Last fall I was invited to a panel to talk about how to transition from a Digital Analytics to a Data Scientist role. This is a question that I get frequently so here are my thoughts.

  • Do you really want to become a data scientist? I, myself, had doubts for a while until I finally decided that I wanted. There is plenty of room to be “data scientific” in the data analytics role without the hustle of becoming a data scientist. It is a highly competitive market (at least in Toronto), most of the roles do ask for either a master or phD degree (which does requires some money + time investment), and sometimes it might have a slow/small impact in the actual day to day business.
  • What do you want to do as a data scientist? Ok so you decided that it is your dream job and it is something you want to pursue, but how? Well a good start would be to try to learn what you like to be doing as a data scientist. You can start by asking yourself what are the methodologies that you are most comfortable. In Statistics there are many paths, from classification models to prediction, from supervised to unsupervised. Another way of looking at this question is try to understand the problems that attract you more, for example do you like working with marketing? Probably classification and segmentation are more useful in this field. Do you like finance? Attrition and forecasting are more appropriate. This will help you to acquire the knowledge to build your skill set and definitely put you ahead of your competition.

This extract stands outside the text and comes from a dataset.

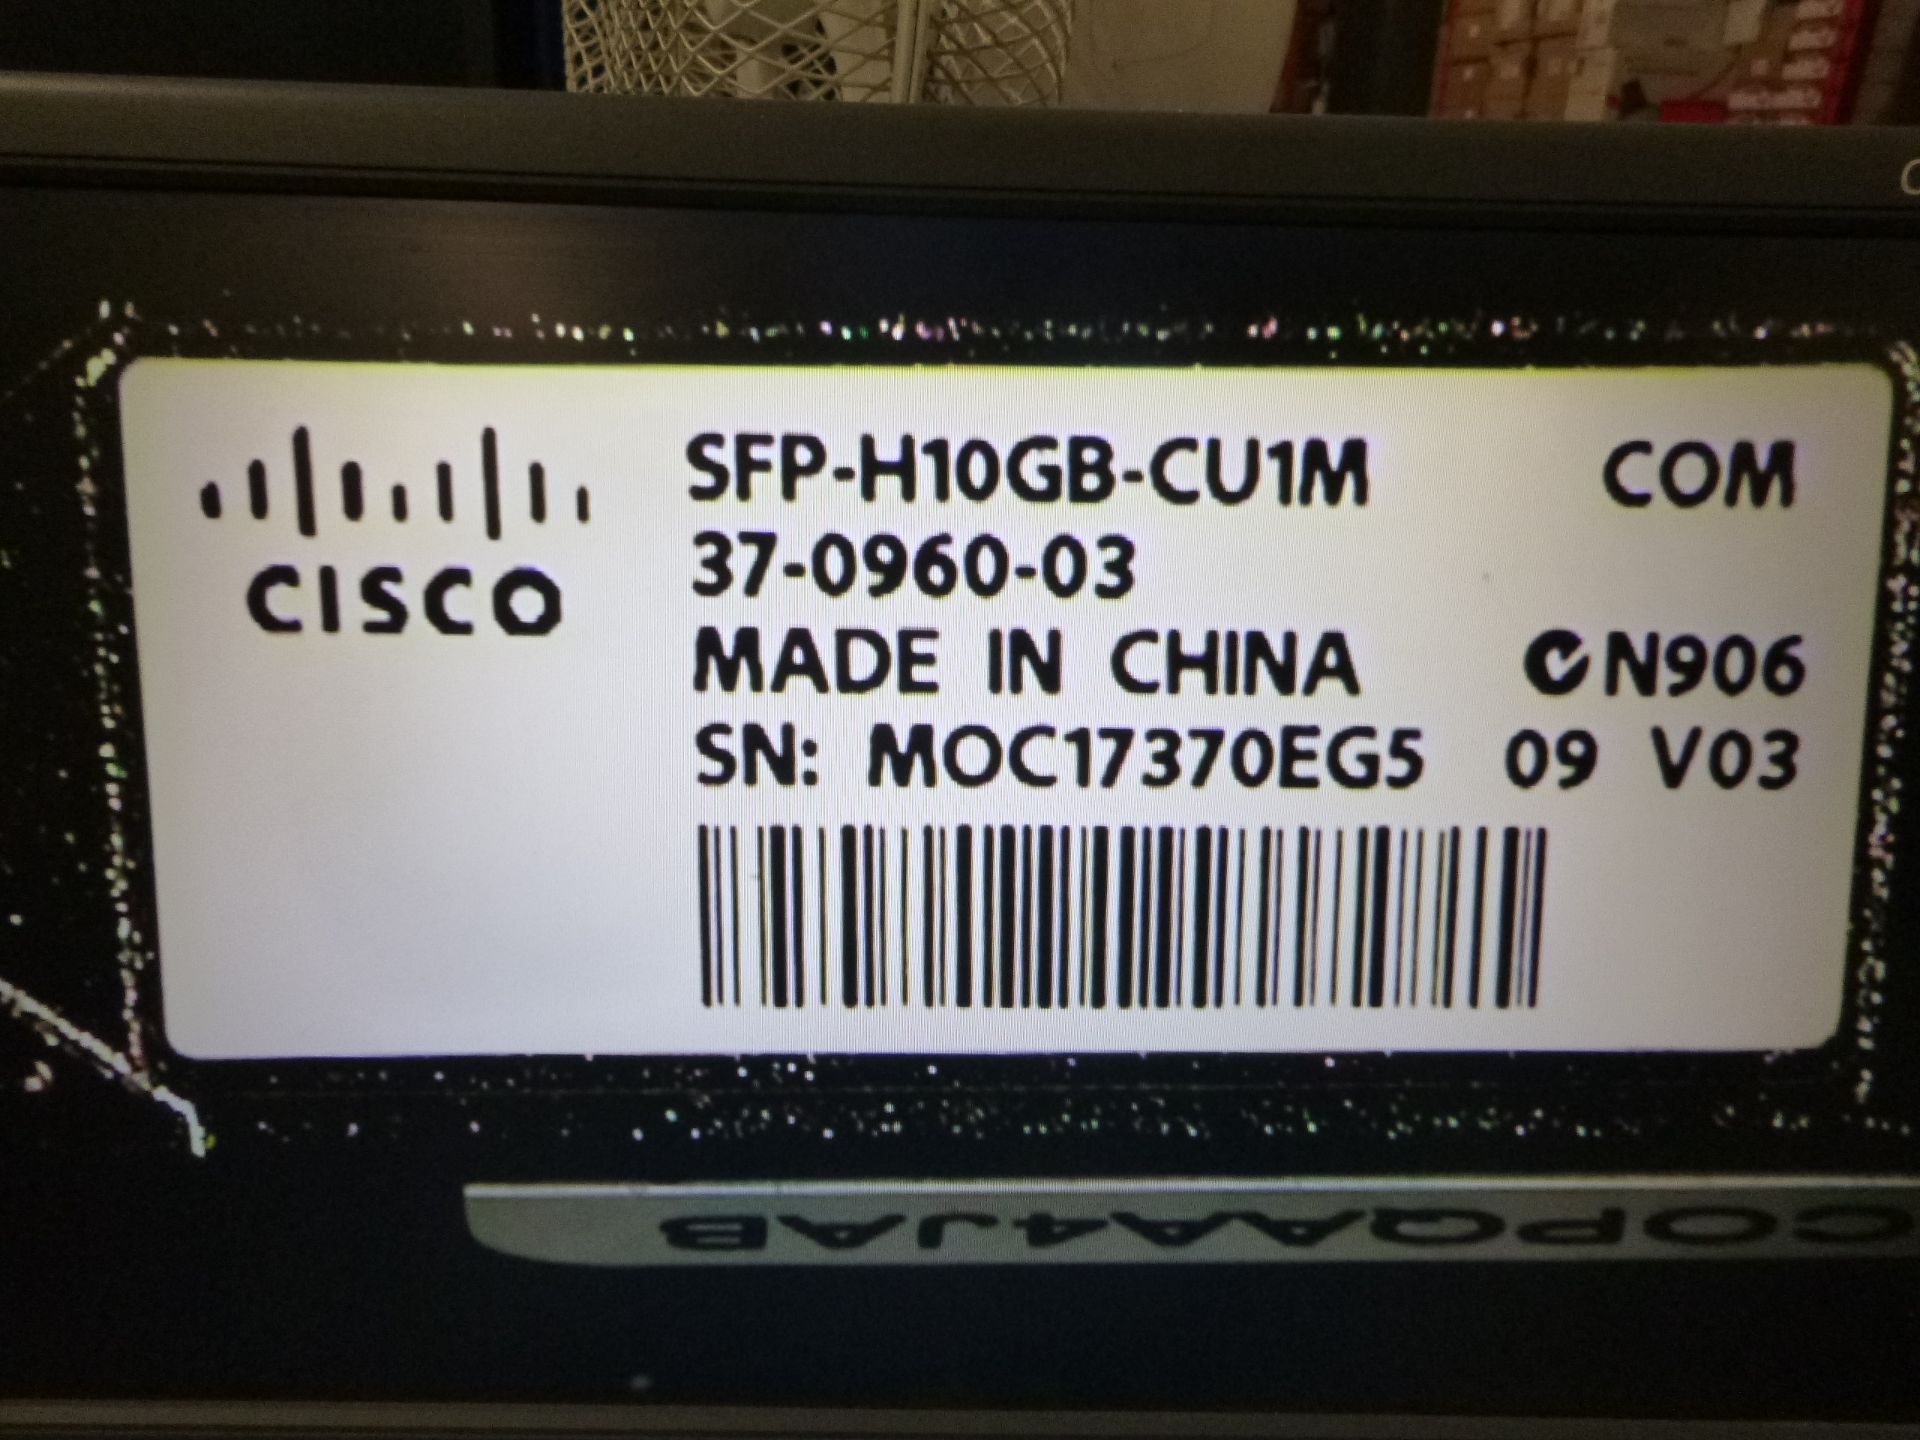 5 X Cisco 1M SFP cable SFP-H10GB-CU1M 37-0960-03 v03

  • What type of company do you want to work for? This is actually a very important question because depending on what you like doing you might want to narrow down your application target. Corporate companies are very different from small companies. In the Corporate world, usually you have data documentation and a more organized infrastructure and majority of the time you join a team with some expertise. When you join a small company you have tons of freedom to test new technologies and techniques as well as have more hands on experience. This will dictate how your resume and application should be built. In a small company, you want to show that you can get things done, building your Github, showing personal projects you worked in the past, coming to an interview with a thought on how you would solve some of the problems presented in the job description. Certifications and degrees might be more relevant in a big company as well as previous experience, majority of the times they already have a team, so what do you bring that adds to their structure is what will set you apart.
  • How do you build your resume? If you have done the last 2 items already, you should know by now that enhancing what you know that is relevant for the role + the job you are applying is super important. I see resumes sometimes with tons of experience but nothing in there can be useful for role. Data Scientists are one of the most competitive roles, make your application relevant by tailoring your resume to what you are applying. A good example is to add you know SAS, R, Python for a role that only needs Python. This way it will make you stand out from other applications.

If you still cannot get a job in the field. I would recommend to connect with a data scientist and understand what is being missed. From not being ready for a coding test, to not being able to explain regular interview questions, there is always room for improvement. And I am sure this will lead to a data scientist role but if not remember data analytics is equally cool and rewarding.